En este caso, efectivamente se suscribió un «contrato administrativo de provisión temporal de vacante identificada en la plantilla». En el régimen jurídico que da soporte a este contrato se establece que las Administraciones Públicas solo podrán contratar personal en régimen administrativo para la provisión temporal de las vacantes existentes en sus respectivas plantillas orgánicas, por un plazo máximo de tres años. Se considera contrato de provisión temporal de vacante el celebrado para cubrir temporalmente una plaza vacante, en tanto no se produzca su cobertura definitiva. A estos efectos, se entiende por plaza vacante la que figura como tal en la plantilla orgánica de cada una de las Administraciones Públicas con su correspondiente dotación presupuestaria. En virtud de la citada normativa, en este contrato deberá identificarse el número de la plaza que se pretende cubrir transitoriamente; su duración se establecerá hasta el cumplimiento de alguna de las causas de extinción previstas; y el contrato se extinguirá por la provisión de la plaza por alguno de los procedimientos previstos reglamentariamente o por la amortización de la misma.
Pues bien, en este supuesto, el contrato suscrito por la demandante cumple con las formalidades exigidas, sin apreciar irregularidad alguna que afecte a su contratación.
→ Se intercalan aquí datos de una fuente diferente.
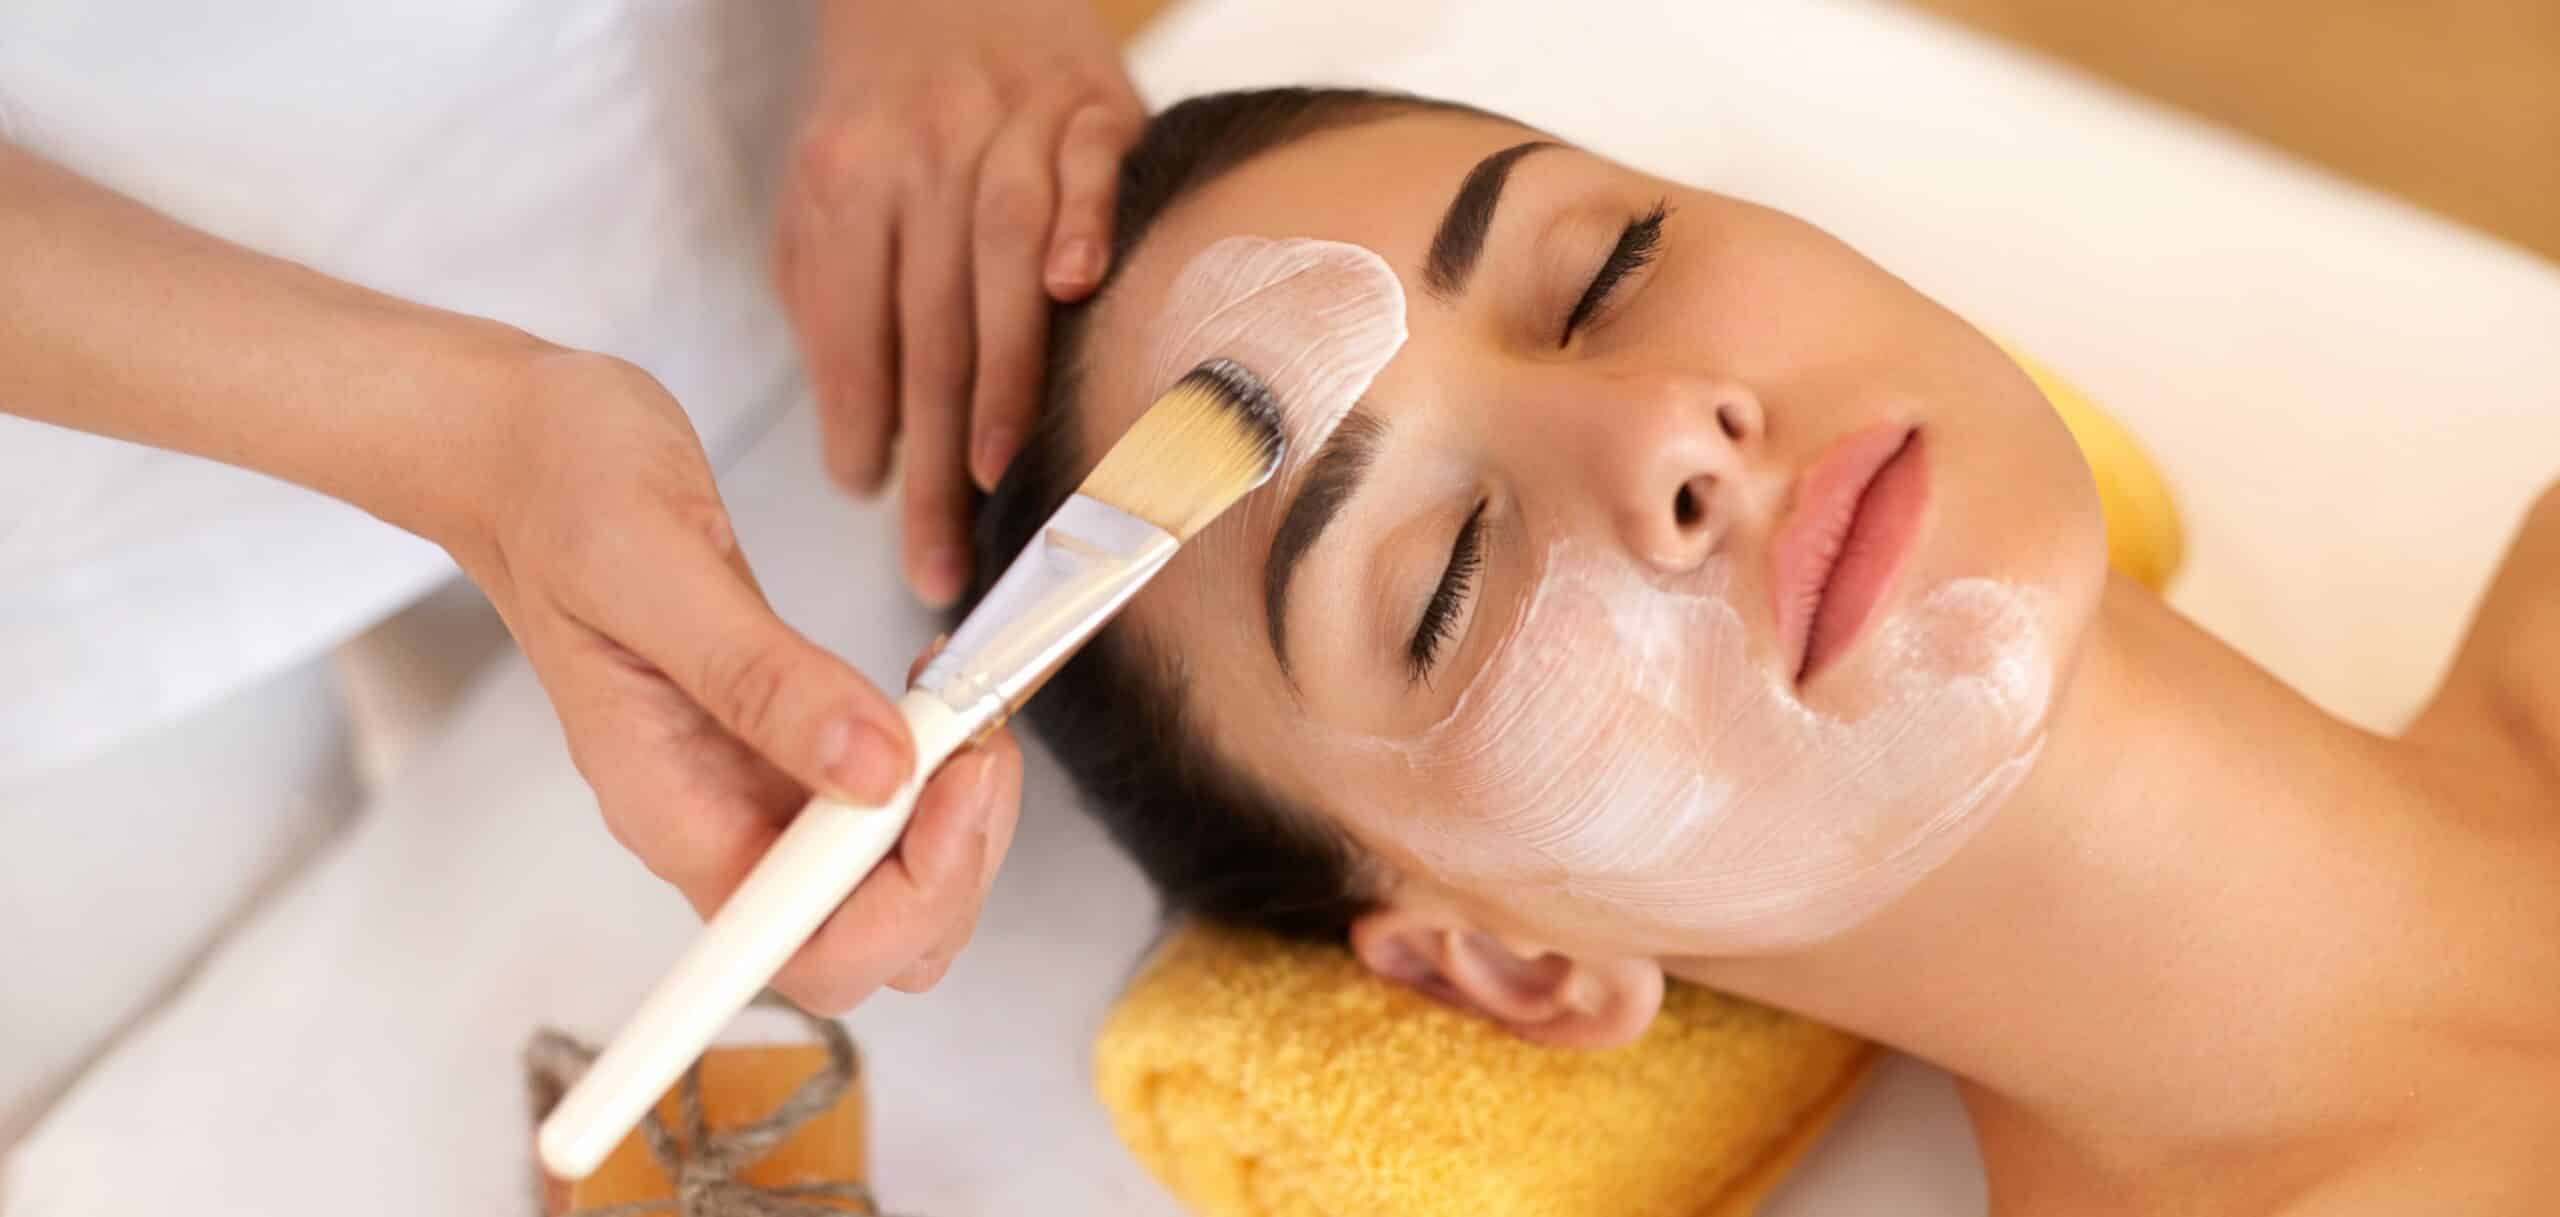 Le peeling est-il efficace contre l’acné ? | Centre Laserio | Paris 8

La única alegación de la demandante es que el contrato tuvo una duración inusualmente larga, «única cuestión debatida en las actuaciones, sobre la que carece de competencia la jurisdicción social, por tanto, ya que afecta al devenir de la relación, por lo que se ha de colegir que corresponde la competencia a la jurisdicción contencioso-administrativa» (STS 1276/2025, 17 de diciembre, FJ 4). Curiosamente, uno de los aspectos que determinan el fraude de ley en la contratación laboral es precisamente que el plazo de duración no se ajuste al previsto en la normativa aplicable. El problema es que aquí no se califica la contratación como laboral, salvo que exista fraude en la misma, pese a que el fraude pueda venir determinado precisamente por el incumplimiento del plazo legalmente establecido para la contratación. Pero el Tribunal Supremo ha decidido, si la contratación «administrativa» se ajusta a la legalidad, que el conocimiento de cualquier irregularidad corresponderá a la jurisdicción contenciosa-administrativa.